13 KiB
Storage Architecture
Last updated: 2026-04-13
Overview
The cluster uses two storage backends: Proxmox CSI for database block storage and Proxmox NFS for application data.
Block storage (Proxmox CSI): 65 PVCs for databases and stateful apps (CNPG PostgreSQL, MySQL InnoDB, Redis, Vaultwarden, Prometheus, Nextcloud, Calibre-Web, Forgejo, FreshRSS, ActualBudget, NovelApp, Headscale, Uptime Kuma, etc.) use StorageClass: proxmox-lvm, which provisions thin LVs directly from the Proxmox host's local-lvm storage (sdc, 10.7TB RAID1 HDD thin pool). This eliminates the previous double-CoW (ZFS + LVM-thin) path that caused 56 ZFS checksum errors.

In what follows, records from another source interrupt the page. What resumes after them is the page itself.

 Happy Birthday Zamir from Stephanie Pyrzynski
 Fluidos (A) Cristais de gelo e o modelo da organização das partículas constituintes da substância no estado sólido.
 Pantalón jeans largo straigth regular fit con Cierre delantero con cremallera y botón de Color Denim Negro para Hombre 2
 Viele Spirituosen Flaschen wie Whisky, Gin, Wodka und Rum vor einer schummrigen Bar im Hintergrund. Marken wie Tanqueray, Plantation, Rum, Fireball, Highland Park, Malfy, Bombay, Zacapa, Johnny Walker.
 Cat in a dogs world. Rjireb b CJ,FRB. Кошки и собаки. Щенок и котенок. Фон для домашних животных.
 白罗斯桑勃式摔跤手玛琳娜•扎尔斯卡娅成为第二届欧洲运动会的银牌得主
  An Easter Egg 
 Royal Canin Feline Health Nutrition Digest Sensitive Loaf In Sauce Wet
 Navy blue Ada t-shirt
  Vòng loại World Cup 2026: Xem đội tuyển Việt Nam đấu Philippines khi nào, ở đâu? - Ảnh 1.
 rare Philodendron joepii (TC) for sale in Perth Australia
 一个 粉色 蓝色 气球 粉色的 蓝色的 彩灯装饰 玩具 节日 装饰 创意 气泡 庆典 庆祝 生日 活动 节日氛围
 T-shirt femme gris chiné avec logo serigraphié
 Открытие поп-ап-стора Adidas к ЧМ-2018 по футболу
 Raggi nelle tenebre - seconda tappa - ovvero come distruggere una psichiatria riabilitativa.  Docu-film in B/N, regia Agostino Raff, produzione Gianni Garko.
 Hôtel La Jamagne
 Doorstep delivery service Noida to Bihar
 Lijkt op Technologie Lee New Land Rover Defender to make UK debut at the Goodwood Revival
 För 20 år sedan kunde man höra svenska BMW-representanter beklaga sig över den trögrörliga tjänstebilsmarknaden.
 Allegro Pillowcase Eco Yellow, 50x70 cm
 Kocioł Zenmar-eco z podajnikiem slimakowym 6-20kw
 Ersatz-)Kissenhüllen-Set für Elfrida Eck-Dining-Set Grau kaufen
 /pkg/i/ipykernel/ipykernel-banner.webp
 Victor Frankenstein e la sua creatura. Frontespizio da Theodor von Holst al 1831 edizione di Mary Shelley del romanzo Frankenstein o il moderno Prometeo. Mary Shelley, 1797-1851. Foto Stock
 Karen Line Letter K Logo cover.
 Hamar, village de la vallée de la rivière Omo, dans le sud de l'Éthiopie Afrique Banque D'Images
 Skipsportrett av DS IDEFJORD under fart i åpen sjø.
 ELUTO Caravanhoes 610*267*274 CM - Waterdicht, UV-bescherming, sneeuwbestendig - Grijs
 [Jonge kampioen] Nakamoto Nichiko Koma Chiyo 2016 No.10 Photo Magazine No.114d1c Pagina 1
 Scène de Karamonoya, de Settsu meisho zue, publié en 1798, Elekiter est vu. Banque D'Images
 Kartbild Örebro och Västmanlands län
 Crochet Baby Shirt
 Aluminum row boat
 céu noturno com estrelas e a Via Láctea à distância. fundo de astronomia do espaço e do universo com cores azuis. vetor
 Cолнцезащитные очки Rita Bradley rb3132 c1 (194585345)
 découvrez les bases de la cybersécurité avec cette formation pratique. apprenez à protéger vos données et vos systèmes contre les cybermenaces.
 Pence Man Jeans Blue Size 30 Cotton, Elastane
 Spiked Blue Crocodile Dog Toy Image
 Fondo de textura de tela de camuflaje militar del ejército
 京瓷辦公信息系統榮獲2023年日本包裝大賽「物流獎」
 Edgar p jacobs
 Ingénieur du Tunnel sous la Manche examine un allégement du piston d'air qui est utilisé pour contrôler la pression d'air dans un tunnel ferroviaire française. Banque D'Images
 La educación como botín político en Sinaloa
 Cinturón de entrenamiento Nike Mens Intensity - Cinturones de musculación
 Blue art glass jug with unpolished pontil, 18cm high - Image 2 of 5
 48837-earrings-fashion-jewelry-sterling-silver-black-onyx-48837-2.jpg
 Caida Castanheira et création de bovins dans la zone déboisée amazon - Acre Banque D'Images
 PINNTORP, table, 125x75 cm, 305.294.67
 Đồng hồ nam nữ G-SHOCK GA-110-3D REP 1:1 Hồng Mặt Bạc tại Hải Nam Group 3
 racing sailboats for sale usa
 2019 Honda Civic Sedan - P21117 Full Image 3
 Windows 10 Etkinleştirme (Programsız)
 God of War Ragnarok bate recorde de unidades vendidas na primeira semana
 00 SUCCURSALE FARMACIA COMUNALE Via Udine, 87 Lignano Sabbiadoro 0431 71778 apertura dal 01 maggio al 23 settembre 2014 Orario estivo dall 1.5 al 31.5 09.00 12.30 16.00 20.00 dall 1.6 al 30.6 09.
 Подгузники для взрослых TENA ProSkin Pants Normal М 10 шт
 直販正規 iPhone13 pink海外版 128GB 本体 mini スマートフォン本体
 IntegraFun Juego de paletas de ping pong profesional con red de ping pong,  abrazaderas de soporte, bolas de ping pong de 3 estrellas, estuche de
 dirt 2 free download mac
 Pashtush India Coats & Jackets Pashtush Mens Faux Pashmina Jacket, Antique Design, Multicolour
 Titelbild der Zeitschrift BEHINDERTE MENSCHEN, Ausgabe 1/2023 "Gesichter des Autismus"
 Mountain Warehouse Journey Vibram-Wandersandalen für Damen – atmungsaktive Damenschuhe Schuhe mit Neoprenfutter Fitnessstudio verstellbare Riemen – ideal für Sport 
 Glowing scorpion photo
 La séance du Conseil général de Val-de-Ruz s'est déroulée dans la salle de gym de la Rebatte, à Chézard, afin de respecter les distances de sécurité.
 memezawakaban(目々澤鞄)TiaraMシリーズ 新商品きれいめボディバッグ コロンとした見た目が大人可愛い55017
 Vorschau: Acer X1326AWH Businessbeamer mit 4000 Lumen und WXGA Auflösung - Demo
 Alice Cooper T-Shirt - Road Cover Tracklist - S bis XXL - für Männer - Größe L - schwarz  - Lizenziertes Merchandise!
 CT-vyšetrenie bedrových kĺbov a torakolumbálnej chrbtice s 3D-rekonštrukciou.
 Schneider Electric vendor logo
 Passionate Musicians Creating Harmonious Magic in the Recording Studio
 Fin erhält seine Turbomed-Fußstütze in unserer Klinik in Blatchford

NFS storage (Proxmox host): ~100 NFS shares for media libraries (Immich, audiobookshelf, servarr, navidrome), backup targets (*-backup/ directories), and app data are served directly from the Proxmox host at 192.168.1.127. Two NFS export roots exist:
- HDD NFS:
/srv/nfson ext4 LVpve/nfs-data(2TB) — bulk media and backup targets - SSD NFS:
/srv/nfs-ssdon ext4 LVssd/nfs-ssd-data(100GB) — high-performance data (Immich ML)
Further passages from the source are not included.